Jun 5, 2009 5:51 PM | Link to this

If you would like, Mr. Young, we can start taxing and spending like California has been doing since the Governator took over. They don't seem to be having any issues with higher taxes. Oh yeah, California is now broke and people are moving out of the state faster than Baylor's 4X400 men's team can finish the 1600 meters.

By JJ

Jun 5, 2009 3:38 PM | Link to this

for those of us who have attempted to be hard working employees in the mental health field, texas isn't the place to do it. i left that field and started my own business, but is that really what we want people to do? and then penalize them for making money through taxes?

By JJ

Jun 5, 2009 3:37 PM | Link to this

for those of us who have attempted to be hard working employees in the mental health field, texas isn't the place to do it. i left that field and started my own business, but is that really what we want people to do? and then penalize them for making money through taxes?

By Law N Order

Jun 5, 2009 2:11 PM | Link to this

Mr. Young thanking Mike H. for being a mirror image of Barack Obama is like Fidel Castro thanking his opponents for being a mirror image of Nikita Khrushchev. Oh, Mr. Young, before your liberal arrogance expectedly denounces the comparison of Obama with Castro, I'll let you argue with my 78 year-old Cuban-born and exiled father whose been there, done that.
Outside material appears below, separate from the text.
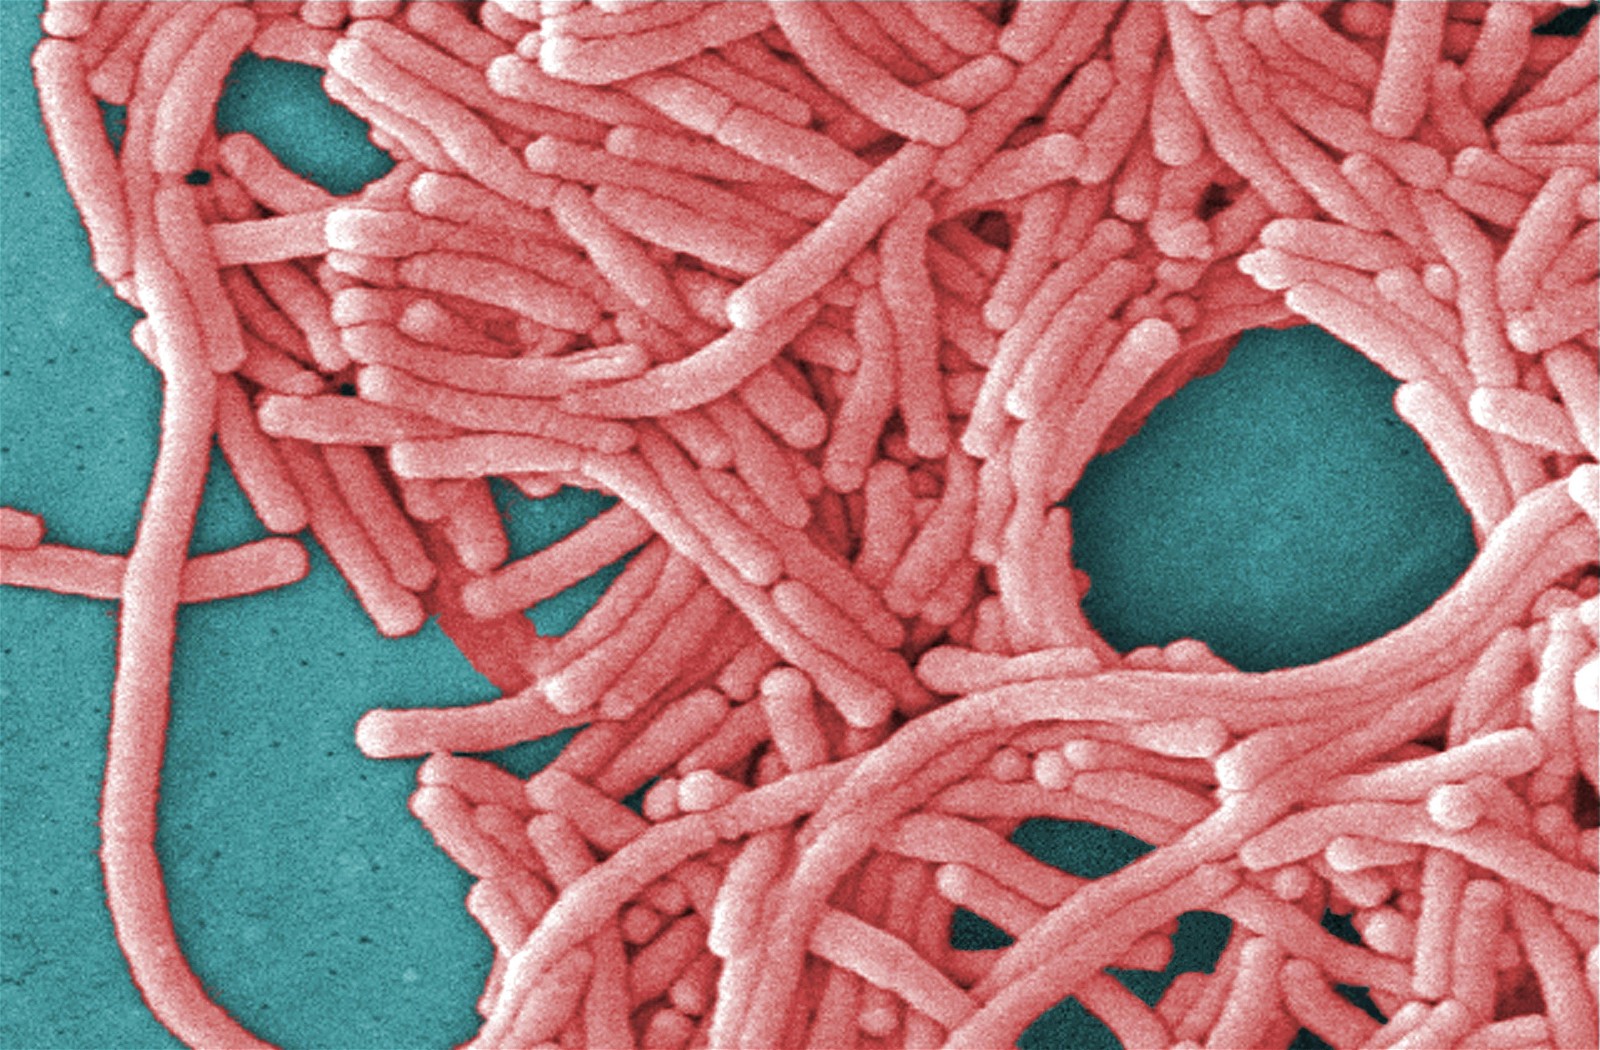 Legionnaires là tình trạng viêm phổi nghiêm trọng do virus Legionella gây ra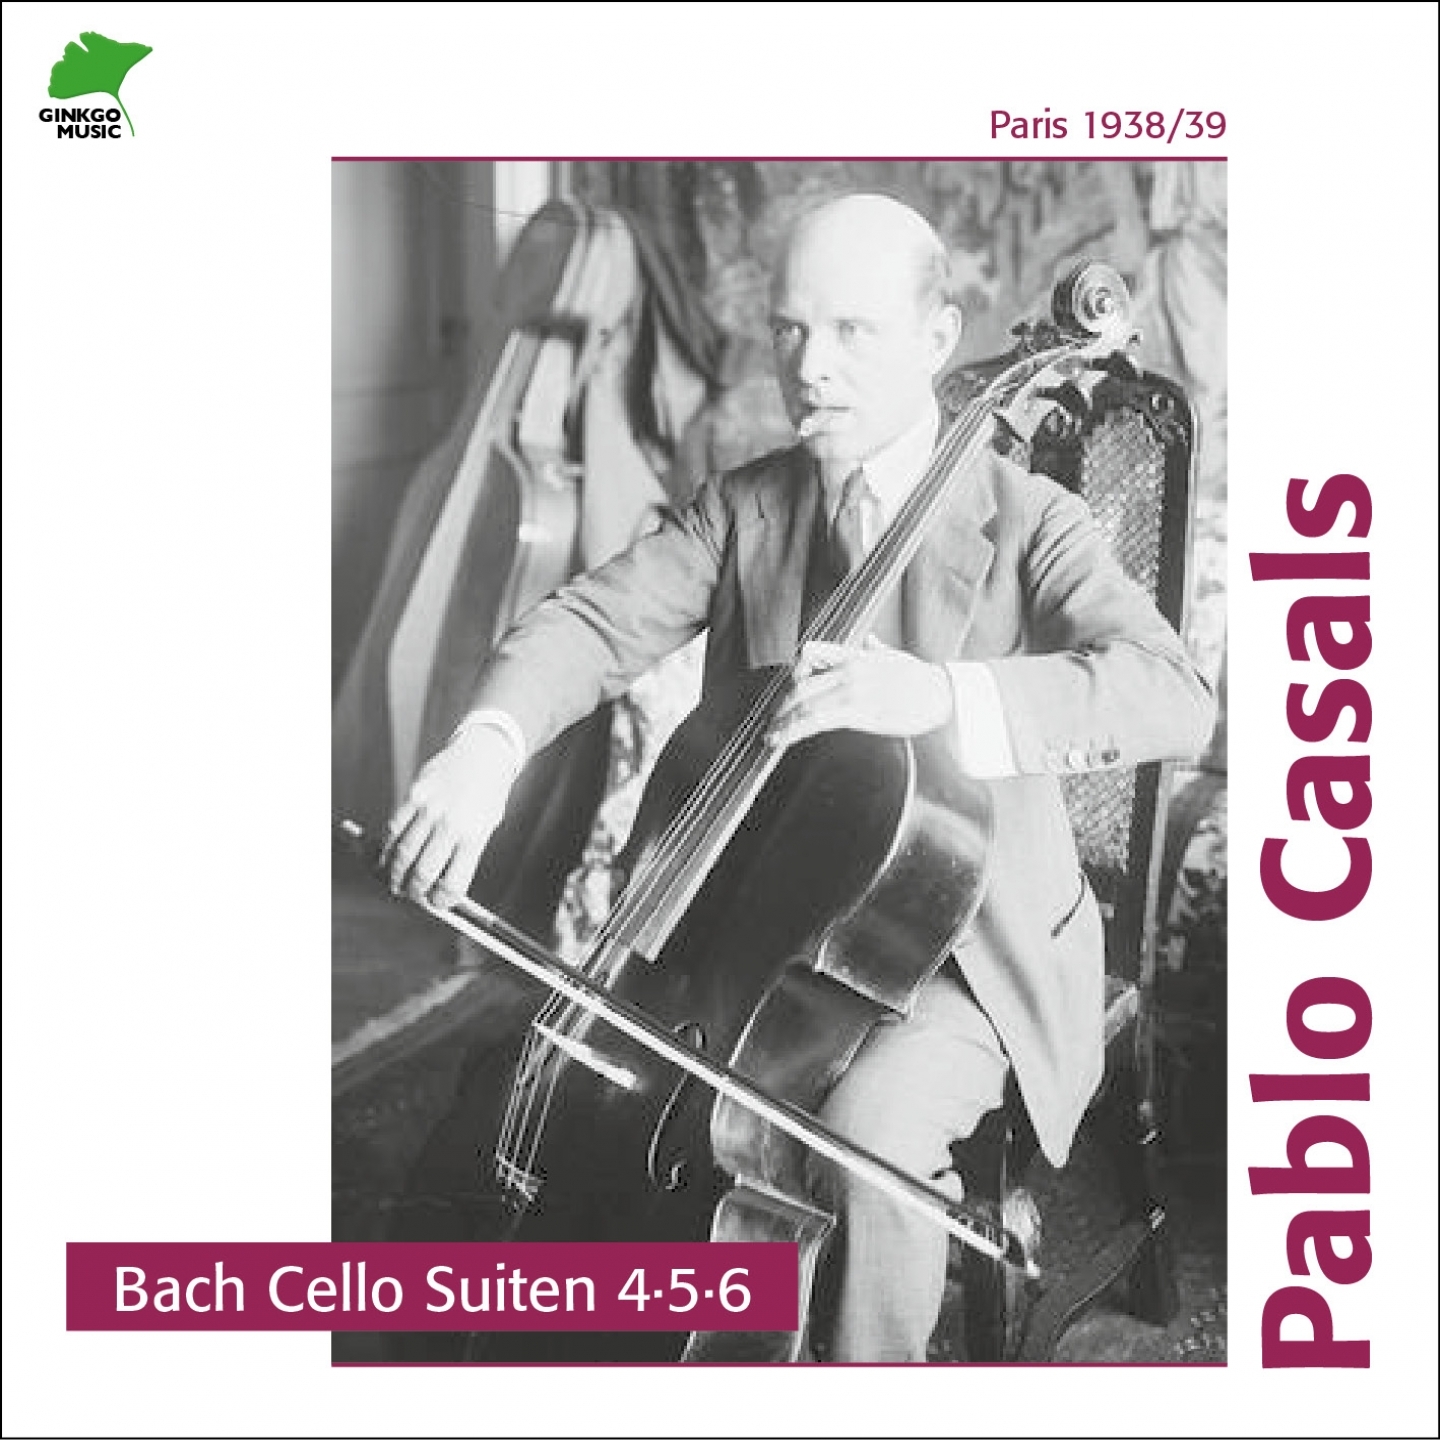 Cello Suite No. 6, in D Major, BWV 1012 Sarabande

Keep writing such liberal drivel...the TCEQ needs more job security in finding more generators of hazardous waste. Ain't America great?? Keep writing, Mr. Young!

By John Young

Jun 5, 2009 11:14 AM | Link to this

John Young responds
To Mike H, who calls me the mirror image of Barack Obama: Thank you.

By mec

Jun 5, 2009 9:12 AM | Link to this

"...tax cuts ahead of obligations like schools, highways and preventive health care."

Good. It's about time somebody caught onto thoser bottomless money pits. The budget boards should take a close look at the state services that no longer provide their intended purpose but have devolved into bureaucratic self winding perpetual motion machines.